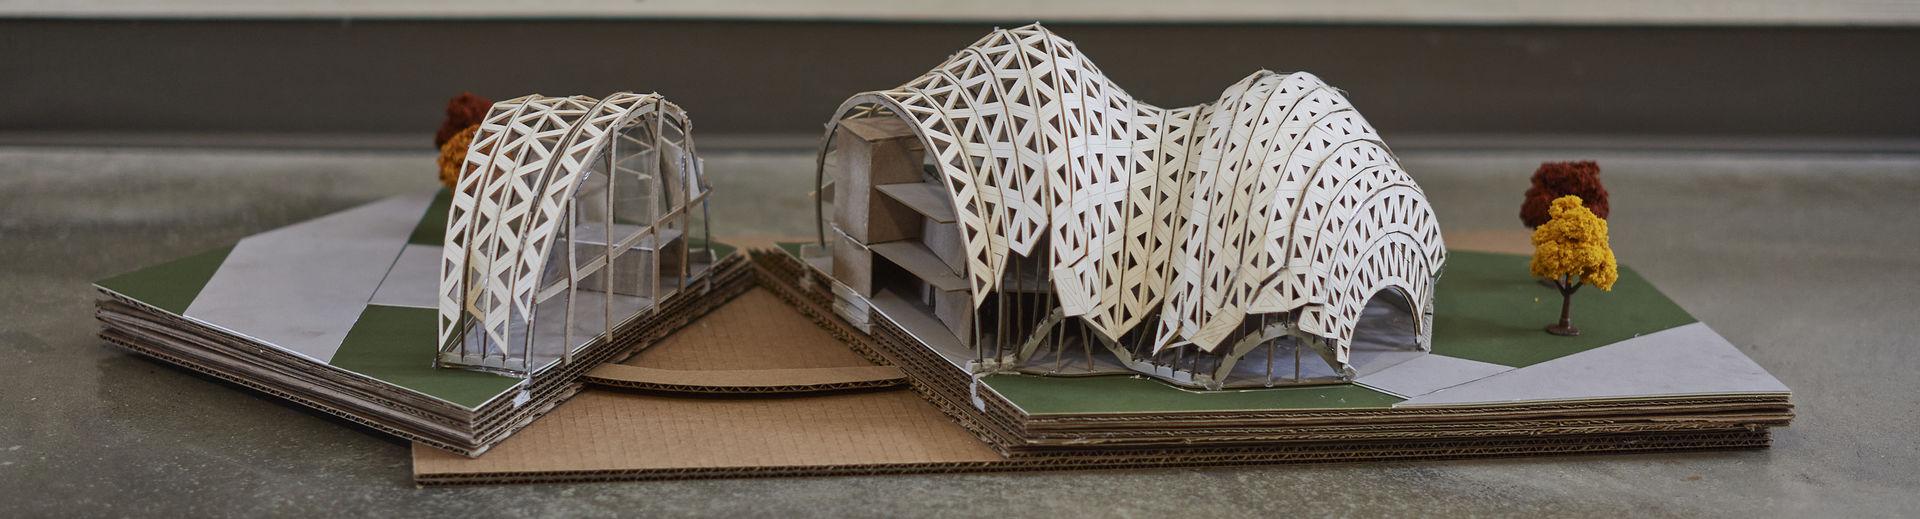 给出了一个曲面屋顶结构的建筑模型.
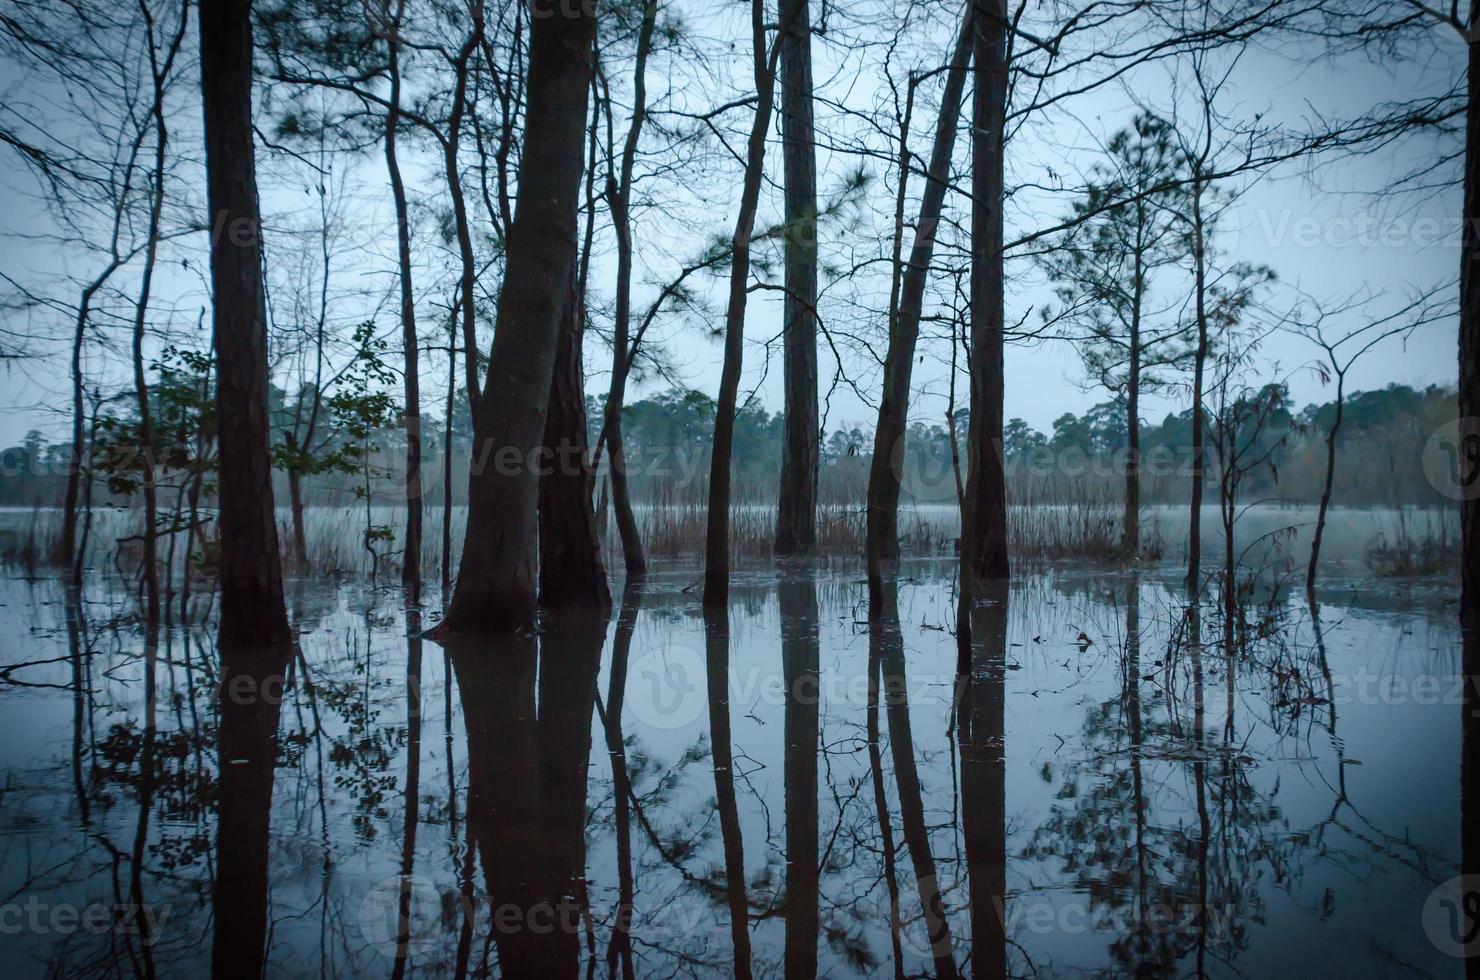 Las fuertes lluvias han sumergido los árboles que se encuentran en el borde del estanque, sus formas se reflejan en el suelo empapado de agua en esta mañana de principios de invierno antes del amanecer. foto
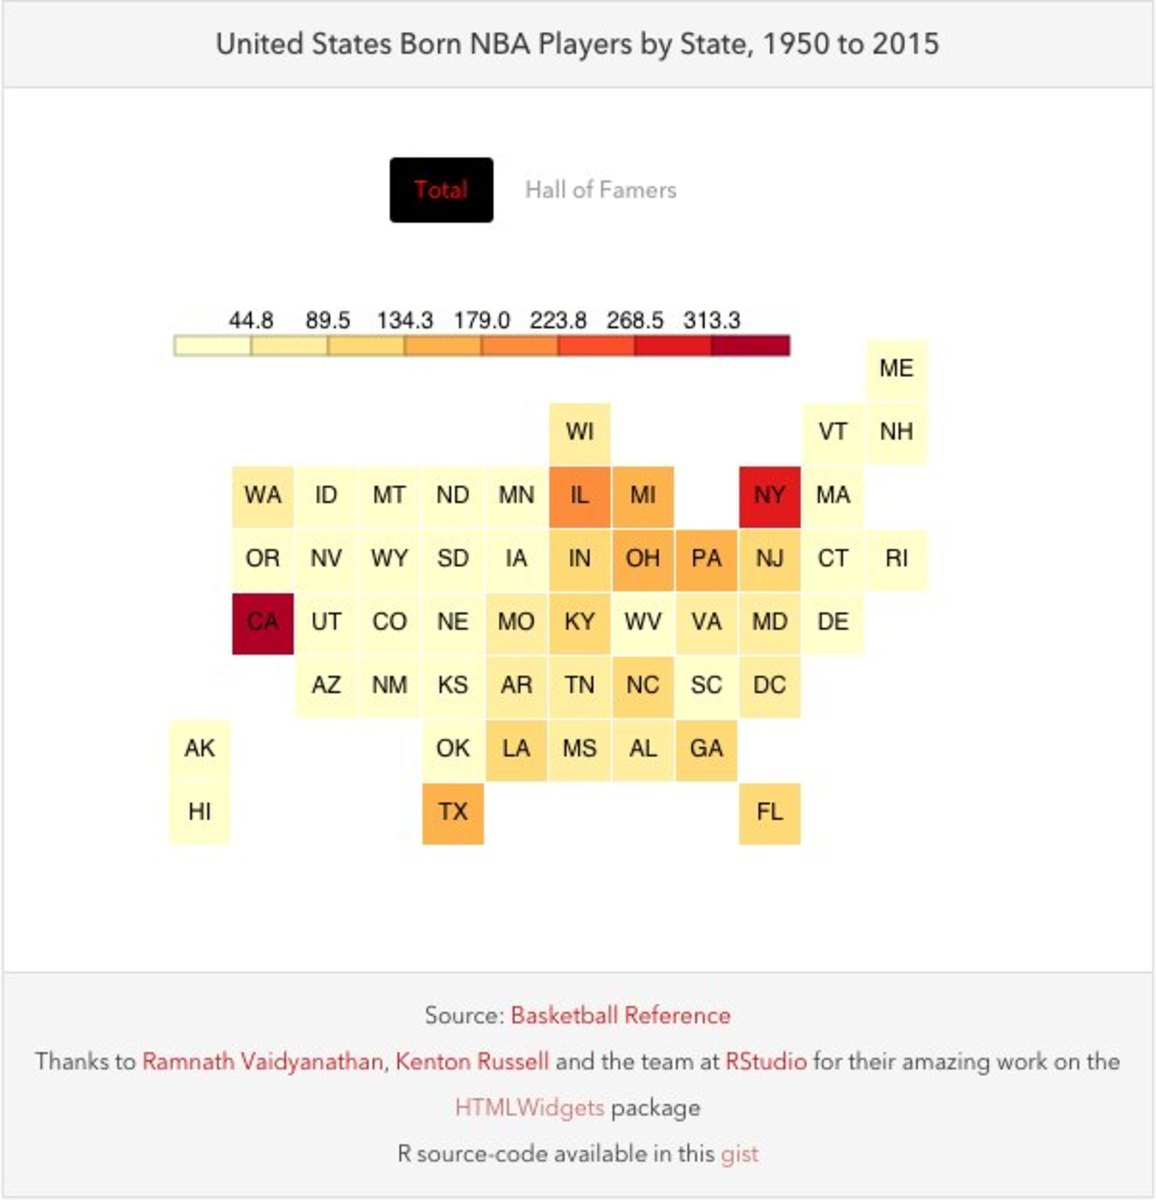 NBA-player-birthplace-data-visualization.jpg
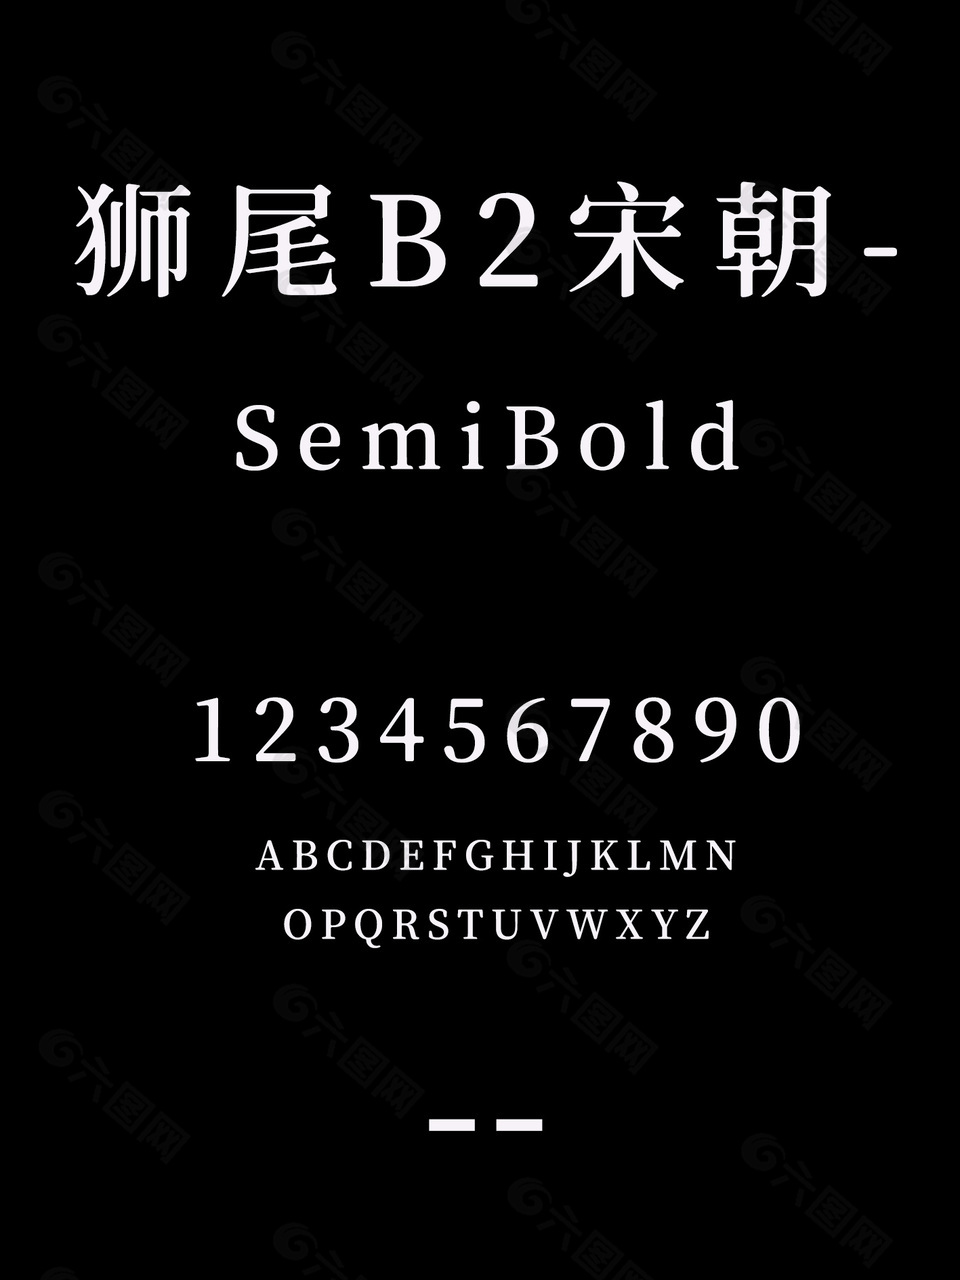 狮尾B2宋朝-SemiBold安装包
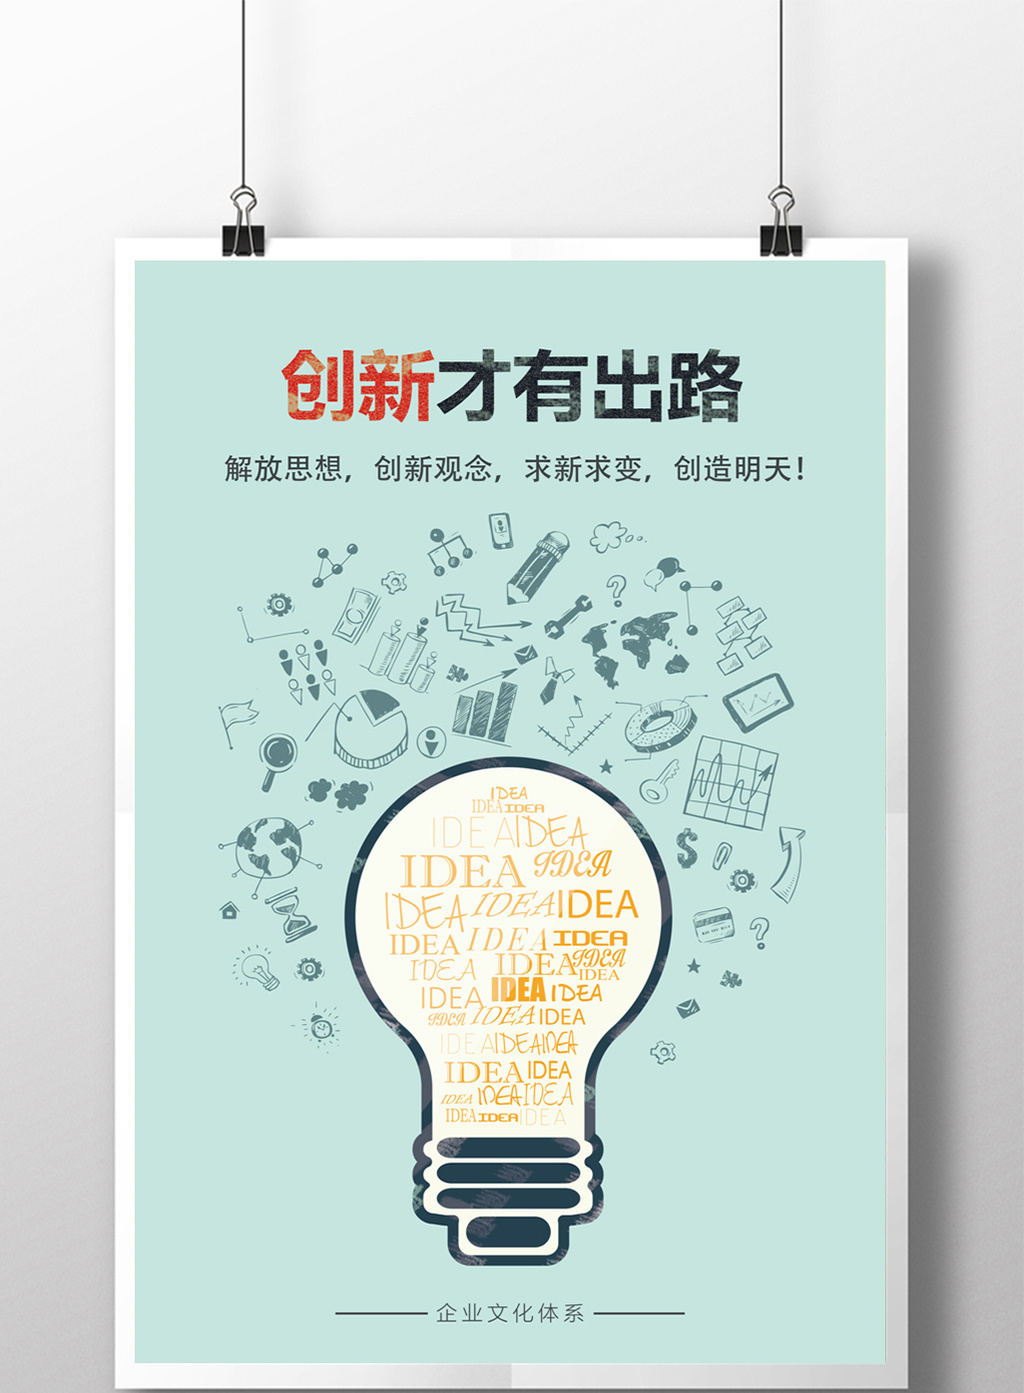 企业文化之创新海报单页展板高清psd图片设计素材免费
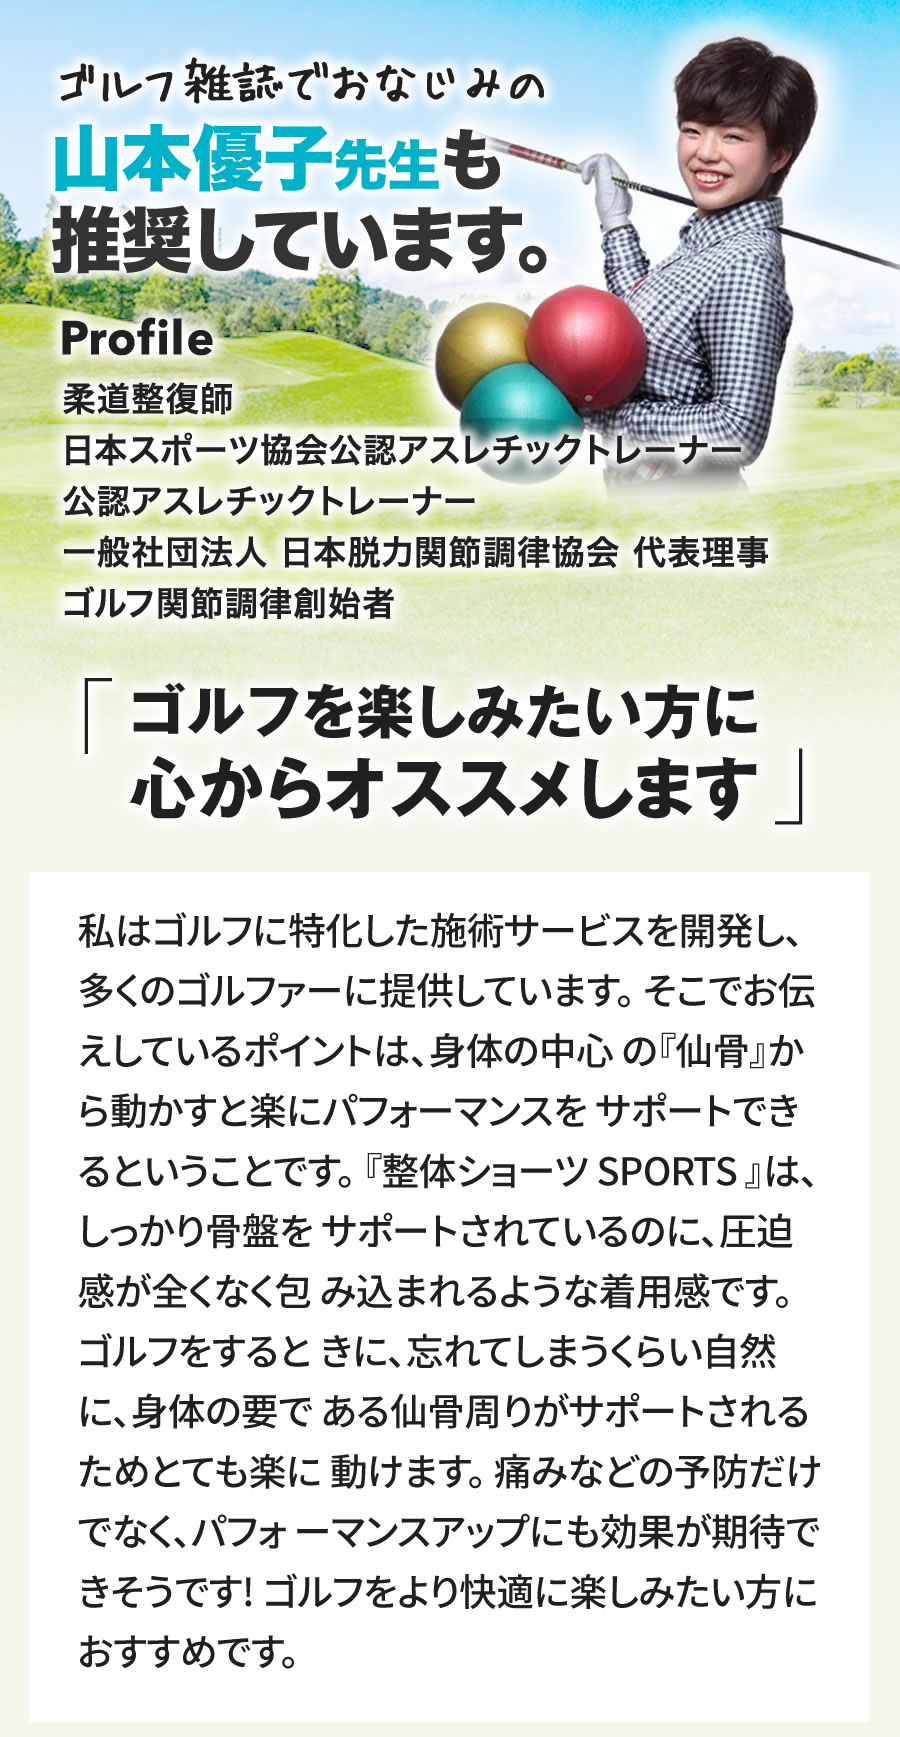 ゴルフ雑誌でおなじみの山本優子先生も推奨しています。

▸ **YOUR OBJECTIVE**: Reproduce, exactly and with no pictures, the lines from the line containing "狮尾B2宋朝-SemiBold安装包" through the closing line of the data above, keeping both ends.

▸ **WRITTEN RESPONSE**:
 狮尾B2宋朝-SemiBold安装包
 企业文化之创新海报单页展板高清psd图片设计素材免费
 ゴルフ雑誌でおなじみの山本優子先生も推奨しています。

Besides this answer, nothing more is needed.